Local Ordinances Attack Patients’ Right to Grow

March 17 – As federal DEA pressure subsides in California, opponents of medical marijuana are pushing to impose new and unprecedented restrictions on medical marijuana cultivation through local ordinances of dubious constitutionality.

In Long Beach, a city within LA County, the city council adopted a dispensary ordinance that requires all patient collectives to grow marijuana on their own premises within the city limits. The Los Angeles DA’s office has maintained – falsely – that this is necessary under state law. In fact, state law has no such restrictions; patients from anywhere in the state can join in collective cultivation projects. Although SB 420 restricts primary caregivers to no more than one patient outside their home city or county, this doesn’t apply to collectives, and Cal NORML attorneys argue that it is an unconstitutional restriction on Prop. 215.

The LA DA’s office sought to enact similar restrictions in the city of LA’s recent ordinance, which states that “no collective may provide medical marijuana to any persons other than its members who participate in the collective cultivation of marijuana at or upon the location of that collective.” Critics, including Cal NORML, argue that collectives can legally maintain multiple cultivation locations around the state.

California NORML challenges the practicality of on-site cultivation, given that the average dispensary requires an estimated 8.75 square feet of indoor space for a typical clientele of 500 to 750 patients. At this rate, some 4 acres of grow space would be required to serve the 10,000 patients in the Long Beach area, an amount that might well alarm neighborhood groups.

Long Beach city councilmembers chose to overlook such arguments from medical marijuana proponents, accepting instead the mendacious claims of the LA County DA’s office, whose boss, Steve Cooley, has launched an anti-dispensary crusade while pursuing a political campaign for the Republican nomination for state Attorney General.

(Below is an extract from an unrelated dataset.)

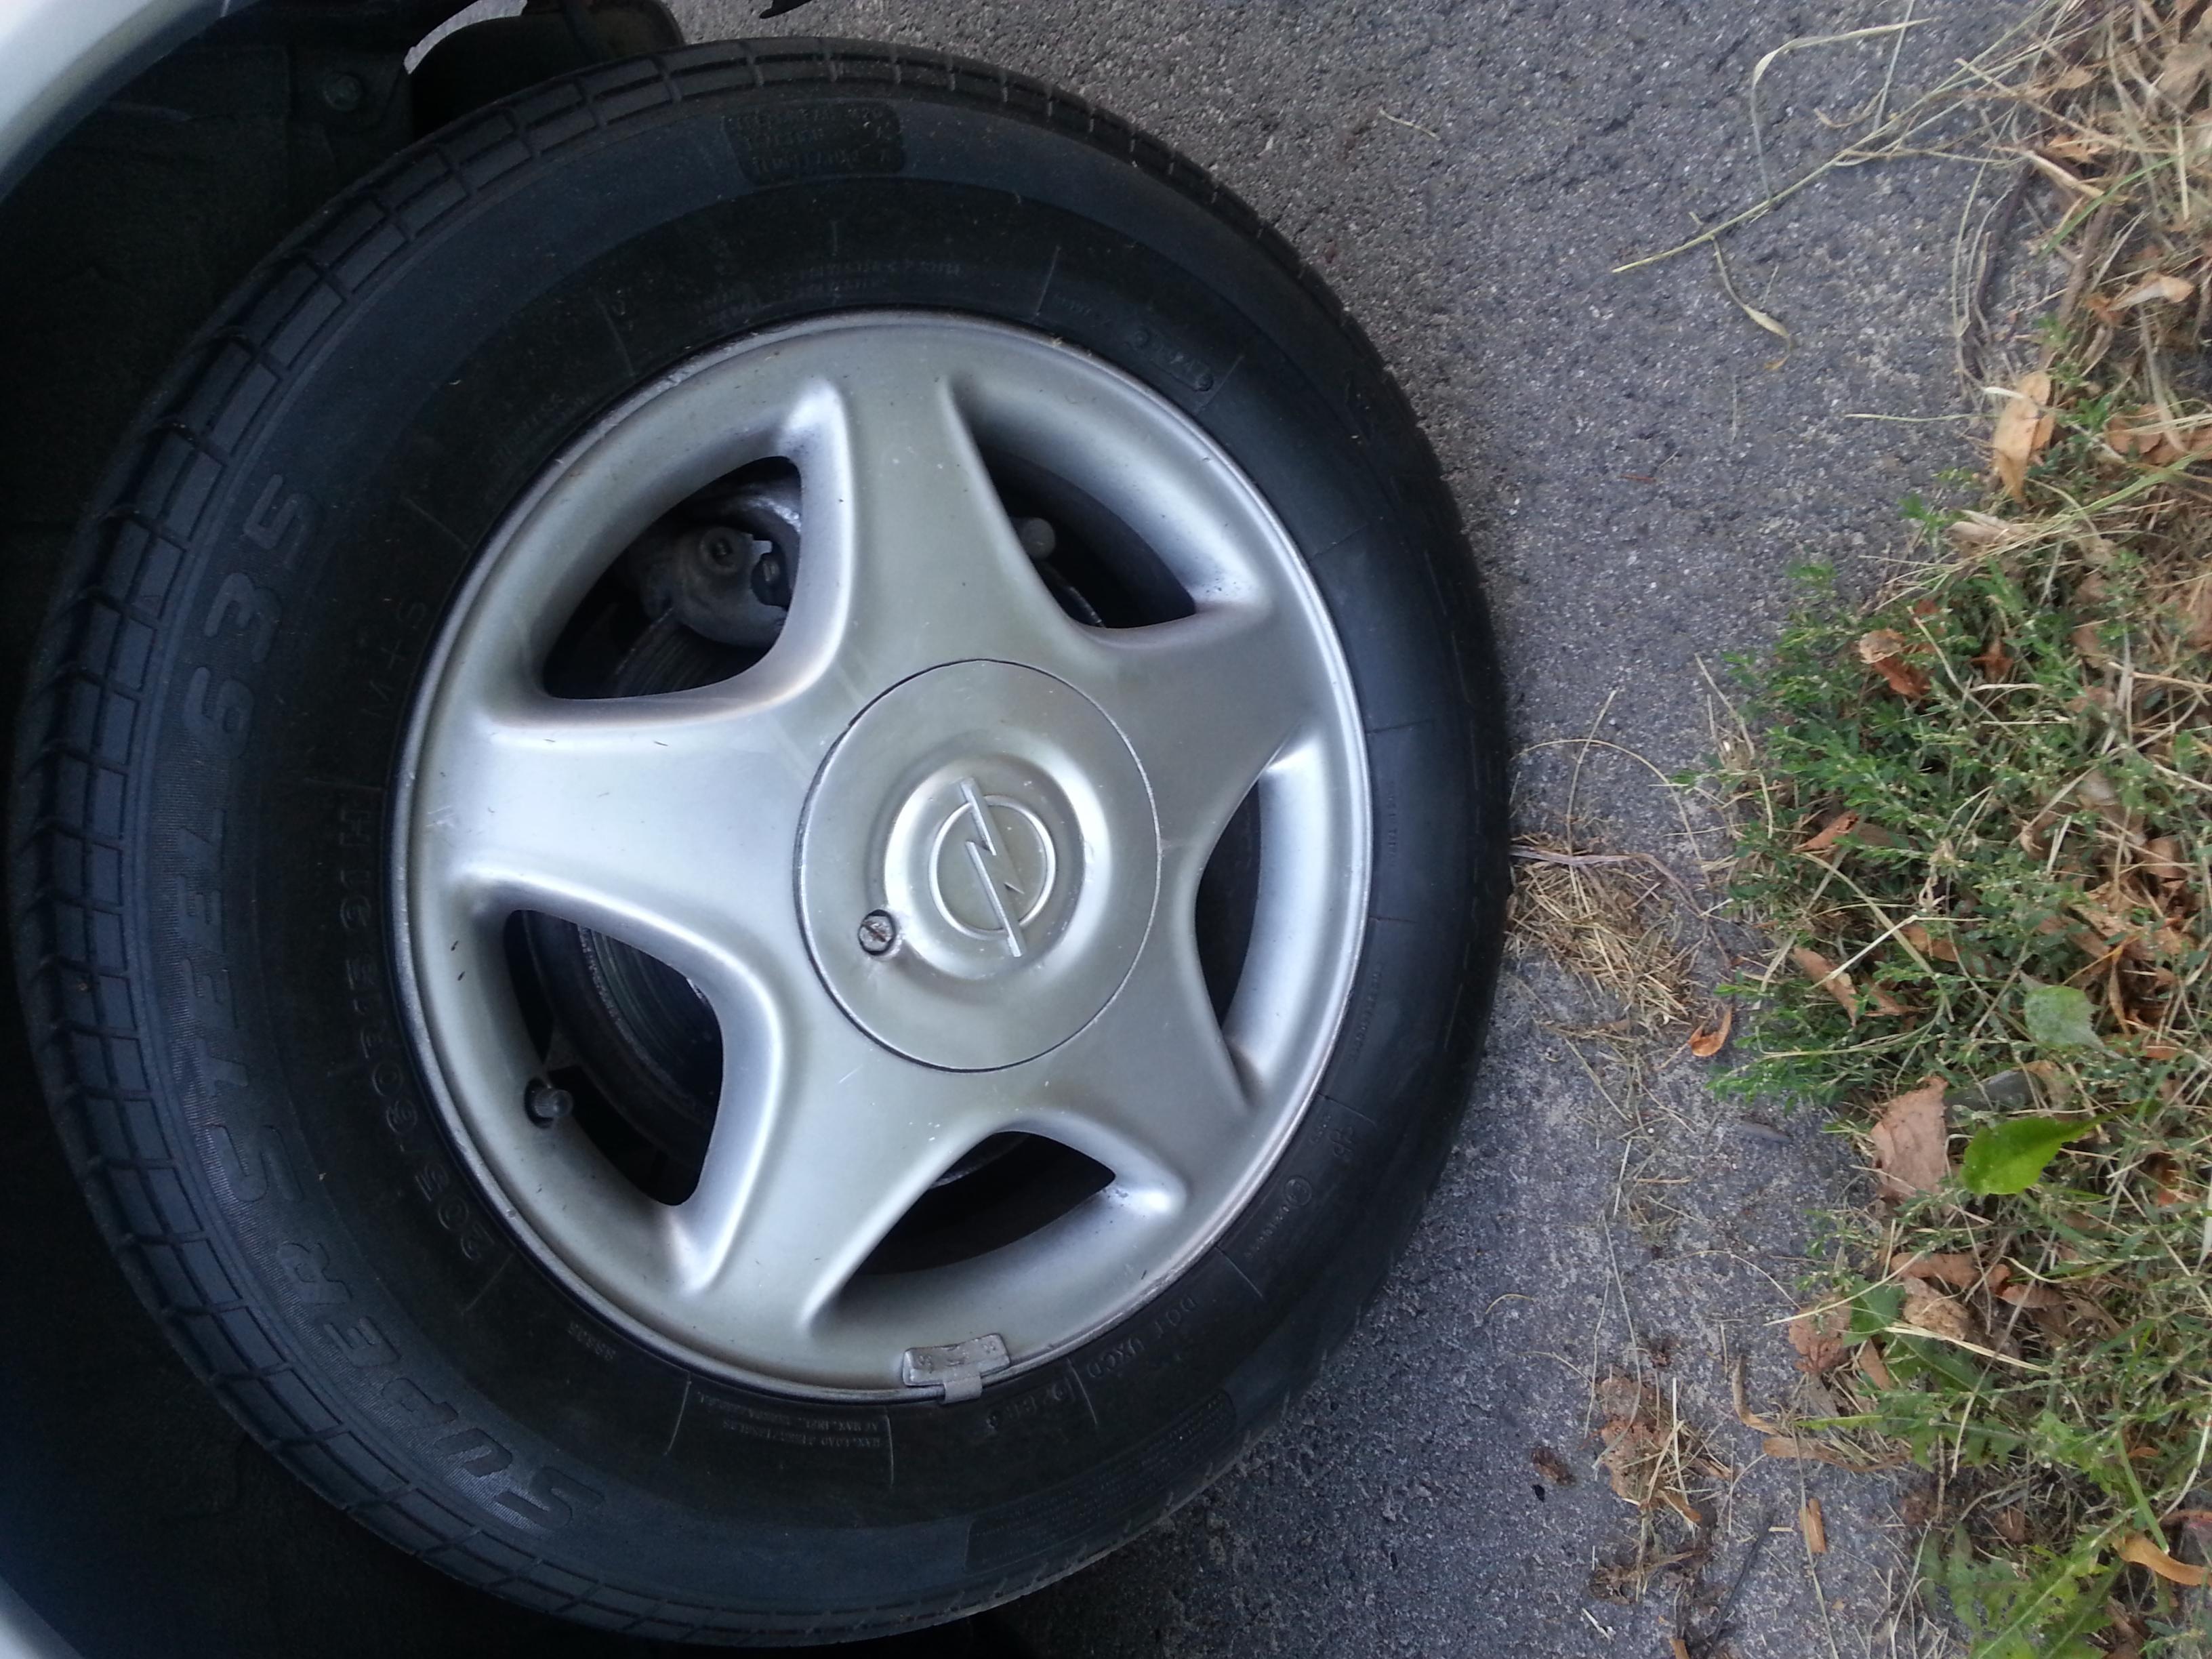 [Kupi�] Dekielek alufelgi Opel Astra G.

The Los Angeles and Long Beach ordinances appear destined for lengthy court challenges. The LA ordinance imposes tight zoning restrictions aimed at cutting the number of the dispensaries in the city from over 500 to just 70, a target that many think will be difficult to enforce. One lawsuit against the ordinance has already been filed by Americans for Safe Access, which argues that the ordinance violates due process because it gives dispensary applicants only seven days to find a legal location, and no maps showing what zones are legal were provided by the city.

Many other localities have proposed dubious anti-cultivation measures recently. Tehama County Supervisors are considering an ordinance that would declare it a public nuisance for anyone cultivate over12 mature or 24 immature plants on parcels of less than 20 acres. The Tehama proposal would ban any cultivation whatsoever within 1,000 ft of a school, which is almost certainly a violation of Prop. 215 patients’ fundamental right to medicine; and require every landlord to register any Prop 215 garden with the city, which violates the 5th amendment right against self-incrimination. It is scheduled to be voted on April 6.

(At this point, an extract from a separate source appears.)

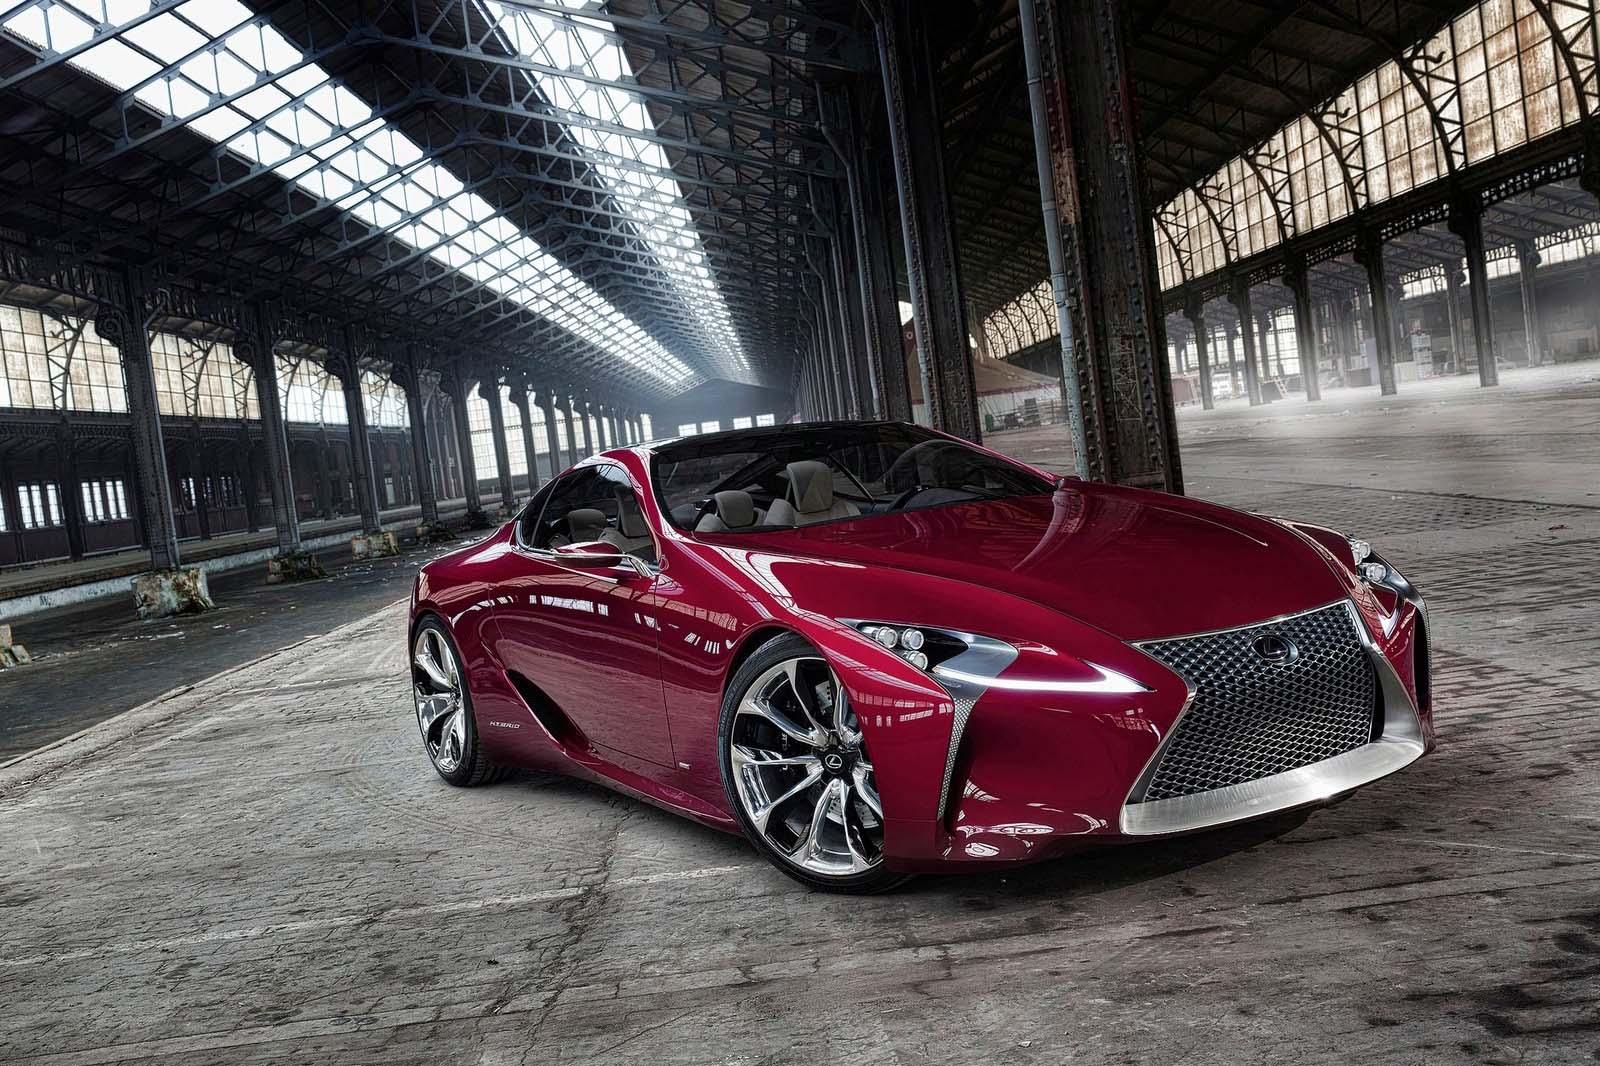 http://www.autos.ca/wp-content/uploads/2016/01/04B-2012-Lexus-LF-LC-Concept-1.jpg

The city of Corning in Tehama County adopted an ordinance that prohibits cultivation outdoors or in a residential structure. Gardens would have to be located in a secure detached structure in the rear yard only, removed ten feet from the property line and with a six foot solid fence and with a mechanical ventilation system and security system approved by a Building Official or the Police Dept.

Cal NORML believes that Corning’s ordinance poses an unconstitutionally burdensome limitation on patients’ right to grow their own medicine under Prop. 215. Cal NORML is interested in hearing from potential plaintiffs wishing to challenge Corning’s ordinance.

Red Bluff, another Tehama town, dropped an even more stringent proposal to ban medical marijuana cultivation entirely, after Cal NORML attorney Bill Panzer warned the city attorney that it was unconstitutional and would precipitate a lawsuit.

Shasta County Supervisors are considering a proposal that would require patients to file a zoning permit for all medical marijuana gardens. Indoor cultivation would be restricted to legally established residences; outdoor grows would be limited to 60 square feet on lots less than an acre, or 240 square feet elsewhere, and would have to be surrounded by six-foot fences.

Redding adopted an ordinance to restrict medical marijuana gardens to a maximum of 100 square feet of canopy or 10% of home or garden area – relatively liberal limits that would suffice for most, but not all, patients.

Two Mendocino County towns, Ukiah and Willits, have ordinances banning outside grows within city limits so as to mitigate the odor of marijuana. So far, no patients have challenged these laws. However, they have filed a lawsuit against a proposed Mendocino County ordinance that classifies any cultivation of 25 plants or more on a single parcel as a public nuisance.

Eureka has an ordinance on the table that would require patients to reside where they cultivate. The language is based on Arcata’s ordinance and is intended to prevent homes being turned into “grow houses.”

The right of individual patients to cultivate for their own medical needs is fundamental to Prop. 215. However, a stronger case can be made that cities and counties have the right to regulate larger, collective gardens and dispensaries. The right of cities to zone out dispensaries was upheld in a precedent-setting appellate court decision, Claremont v. Kruse, and is the subject of another pending case involving the city of Anaheim.